___ Provided records

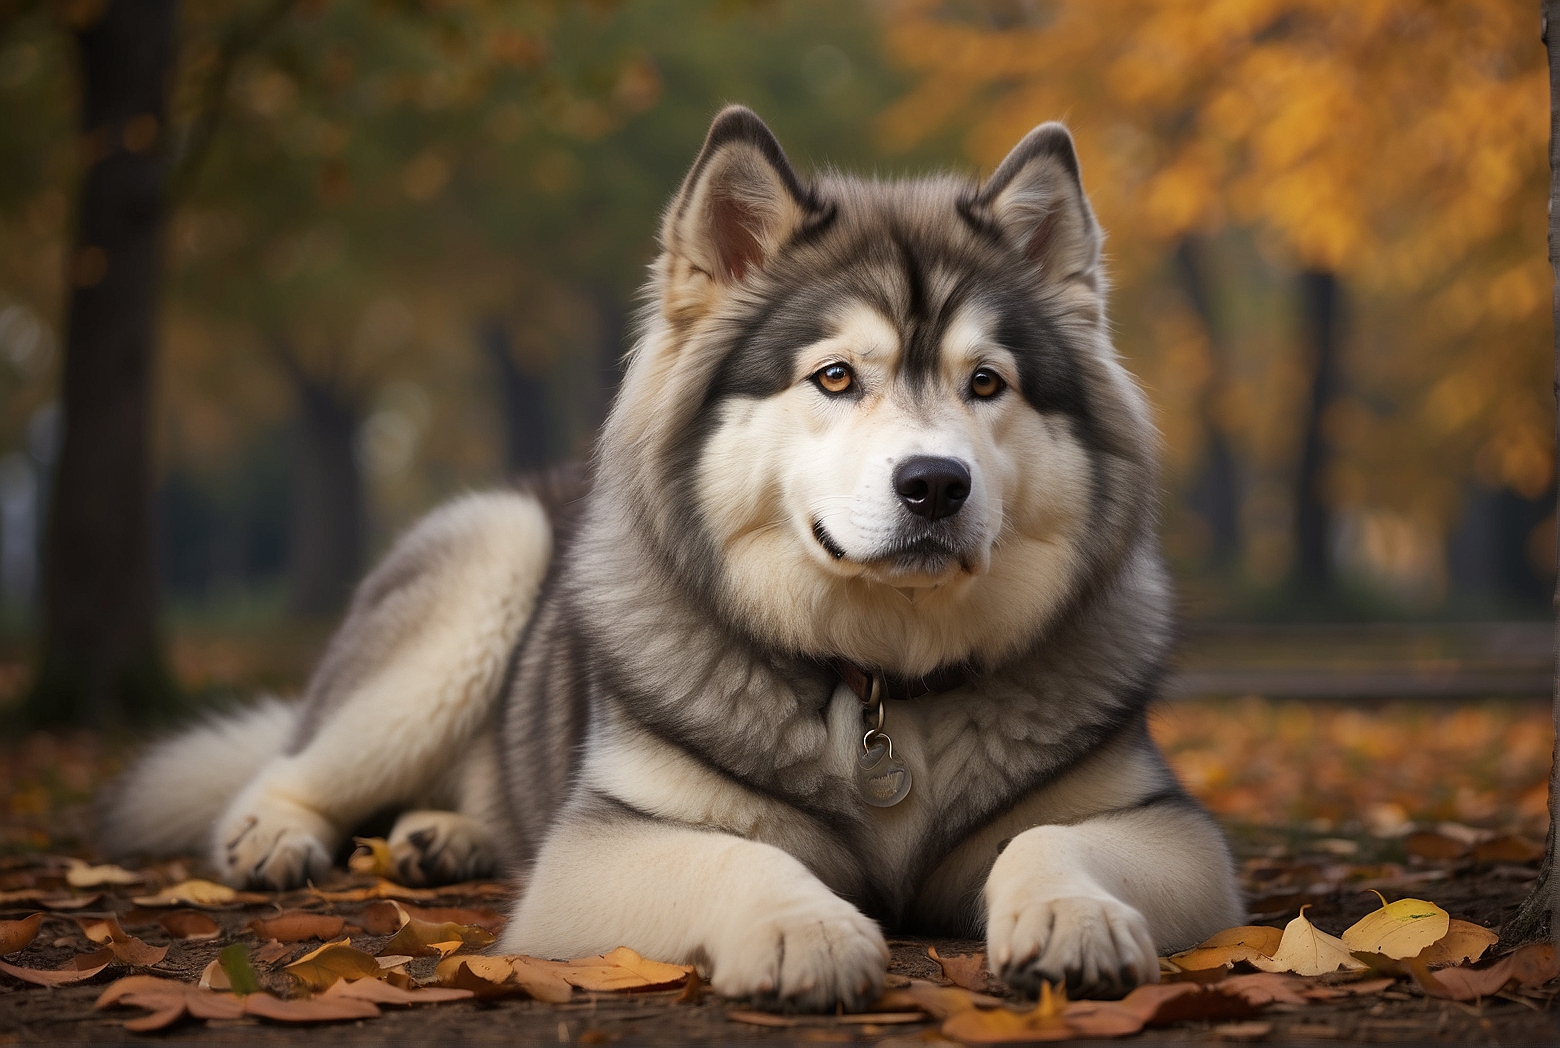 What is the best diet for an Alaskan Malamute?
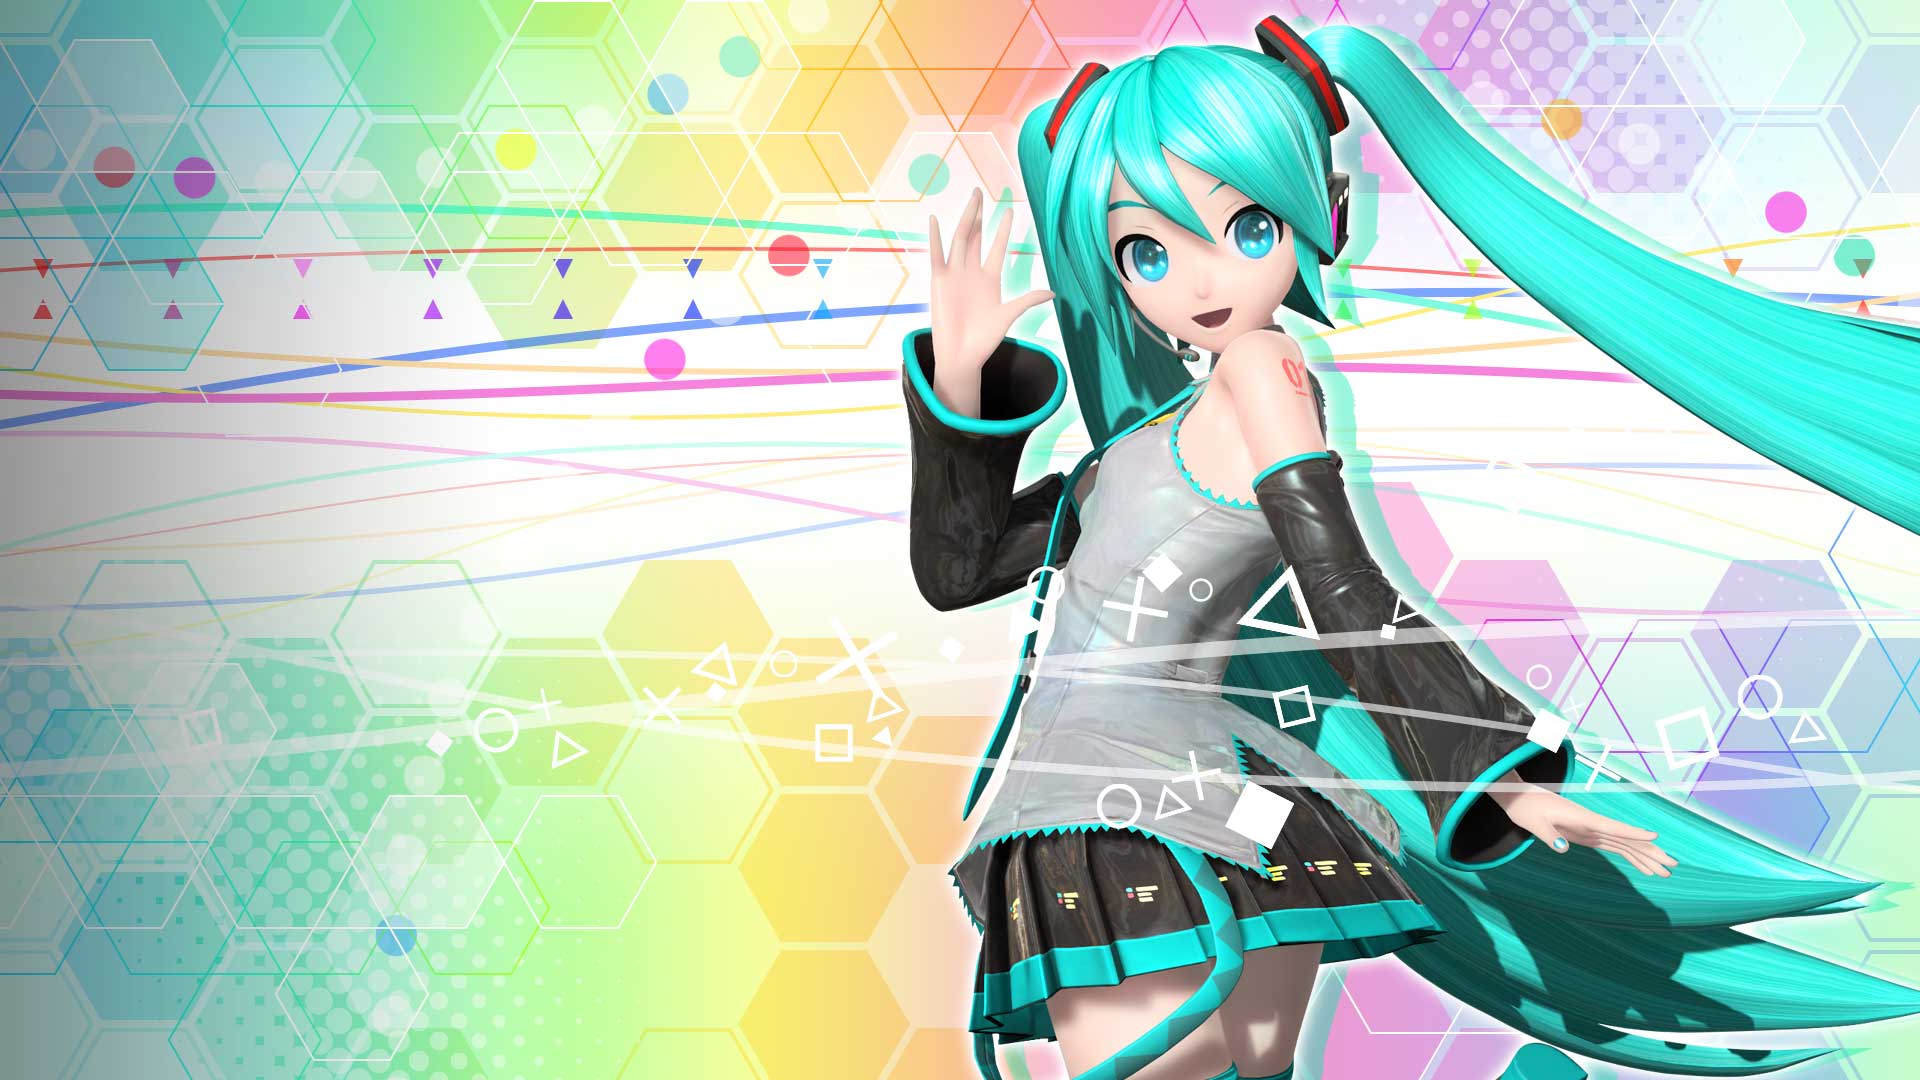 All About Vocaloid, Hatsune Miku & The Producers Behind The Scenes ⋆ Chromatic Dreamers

______
___ Provided records

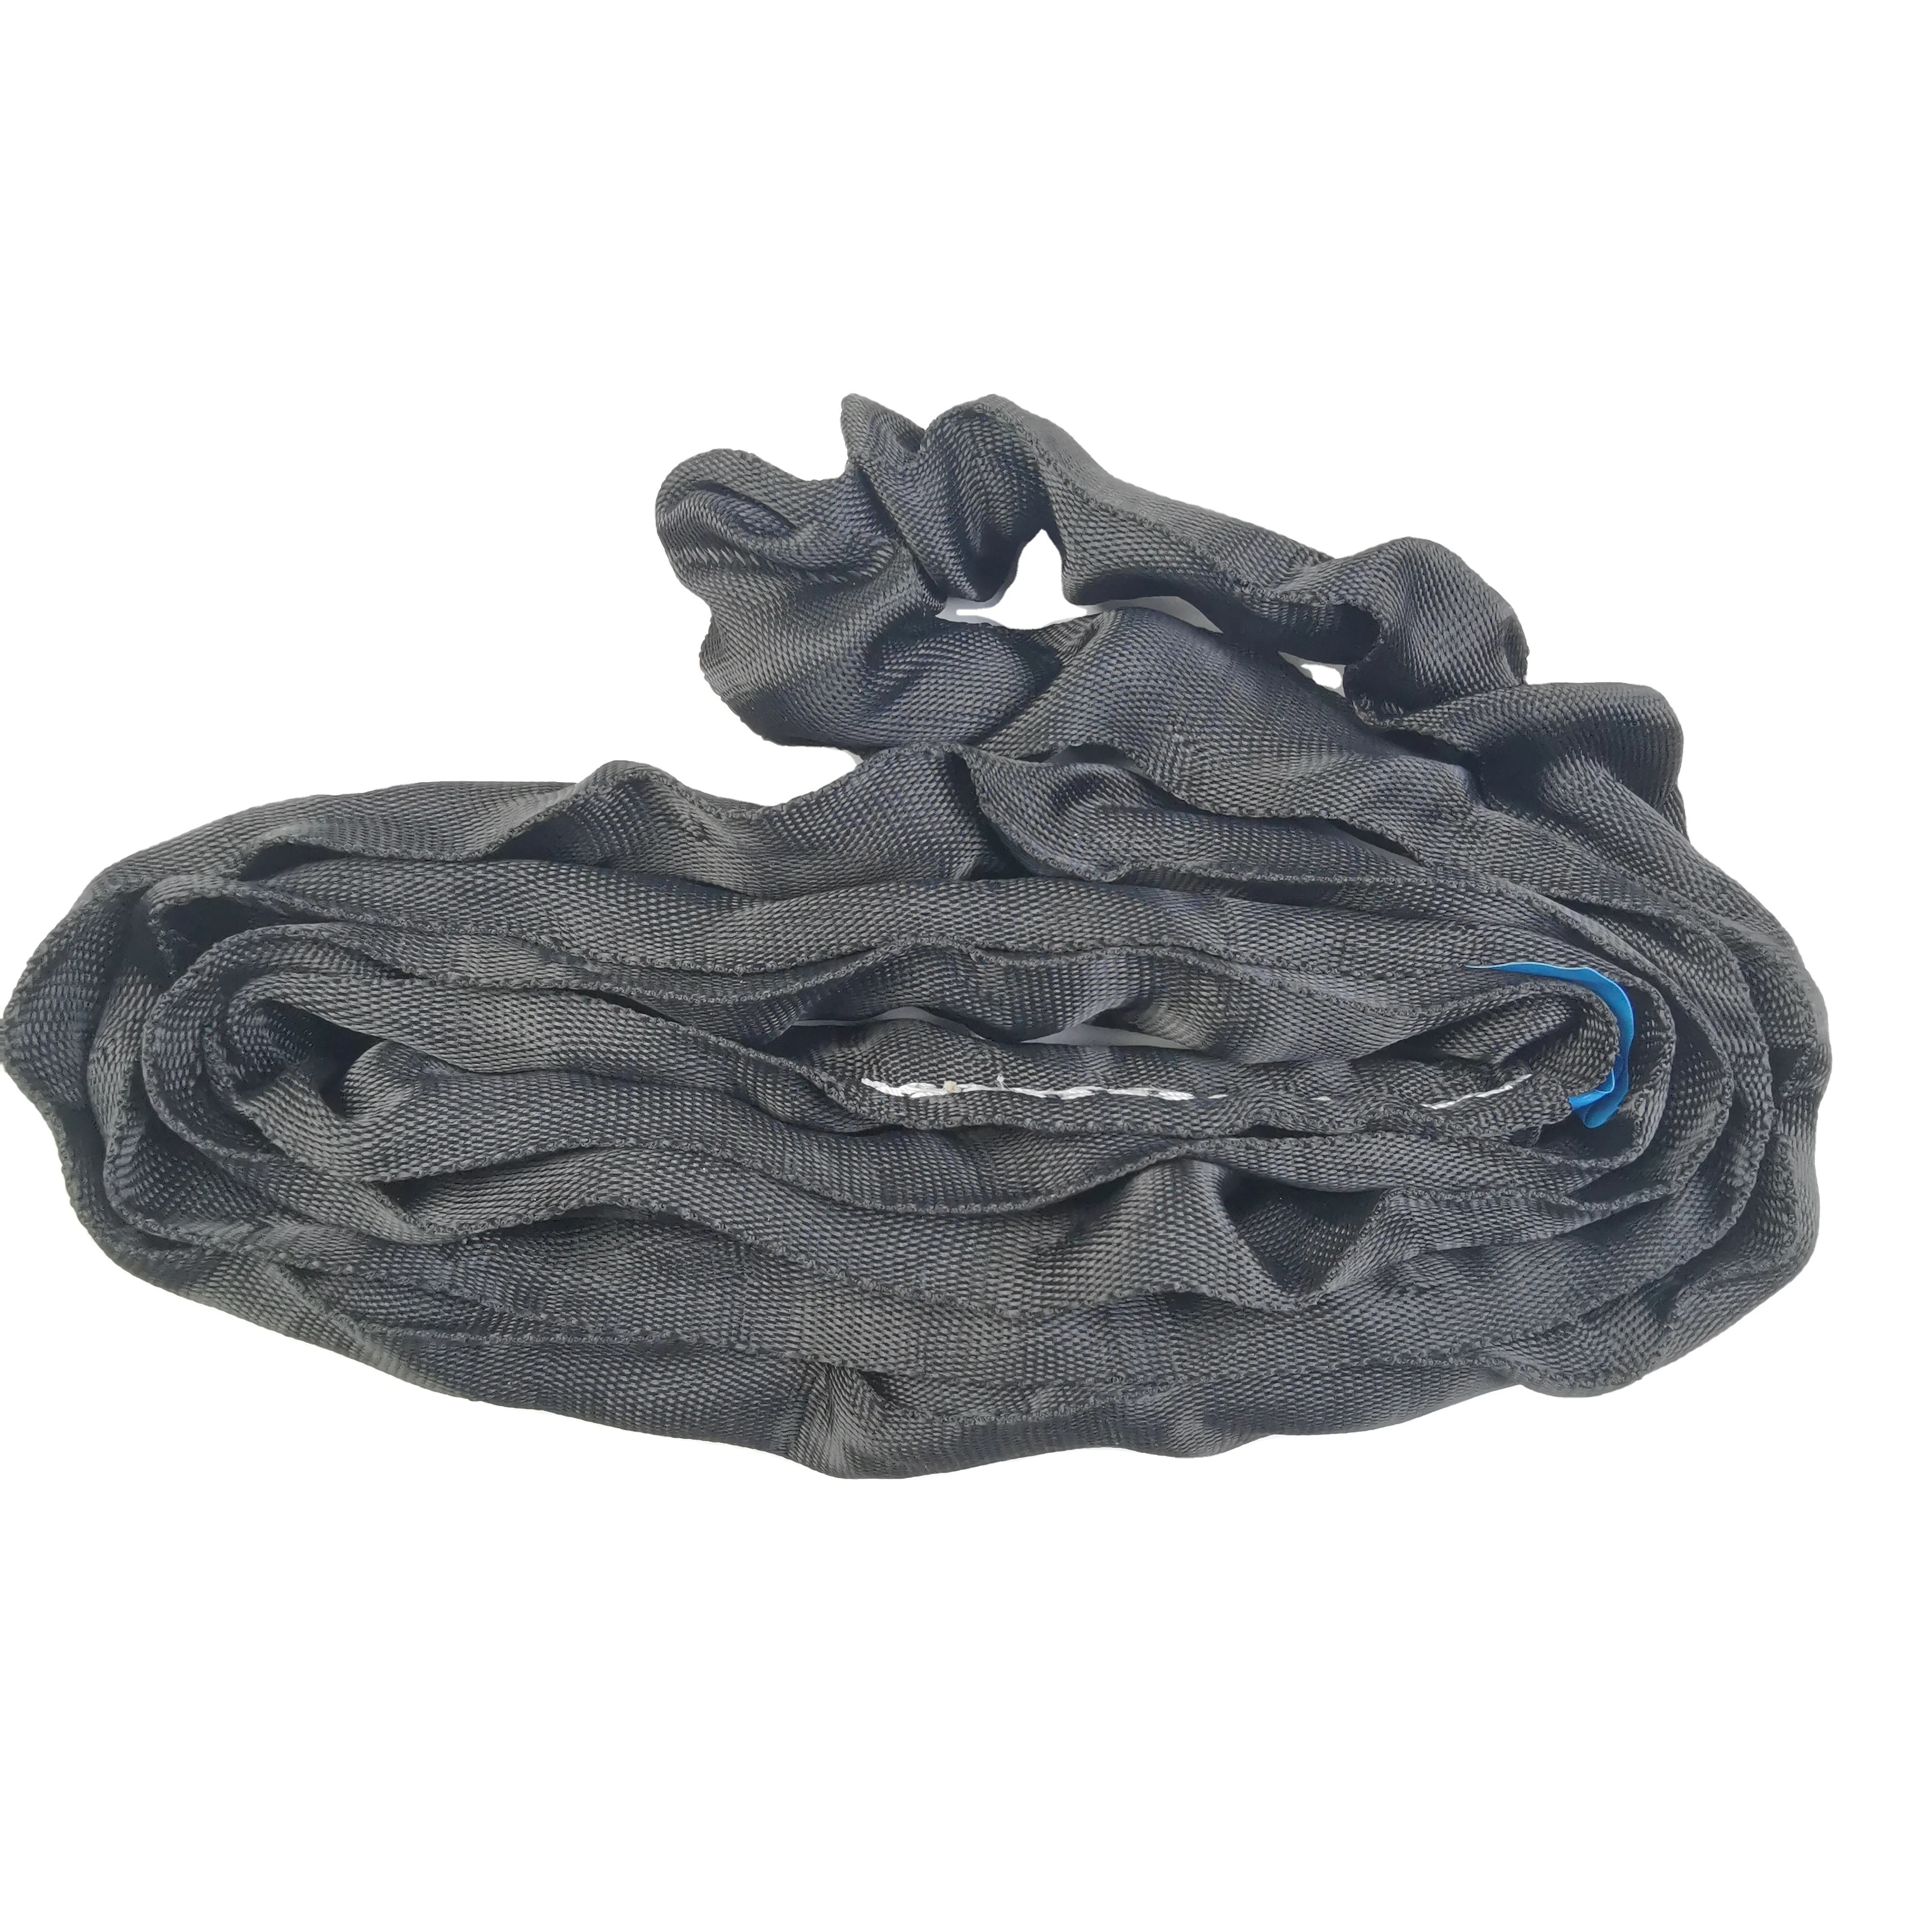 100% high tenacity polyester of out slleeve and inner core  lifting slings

______

The task
What's needed is an exact copy of the lines above from the one with "What is the" through the one with "All About Vocaloid, Hatsune", both included; the pictures stay out.

Answer for this exercise
 What is the best diet for an Alaskan Malamute?
 All About Vocaloid, Hatsune Miku & The Producers Behind The Scenes ⋆ Chromatic Dreamers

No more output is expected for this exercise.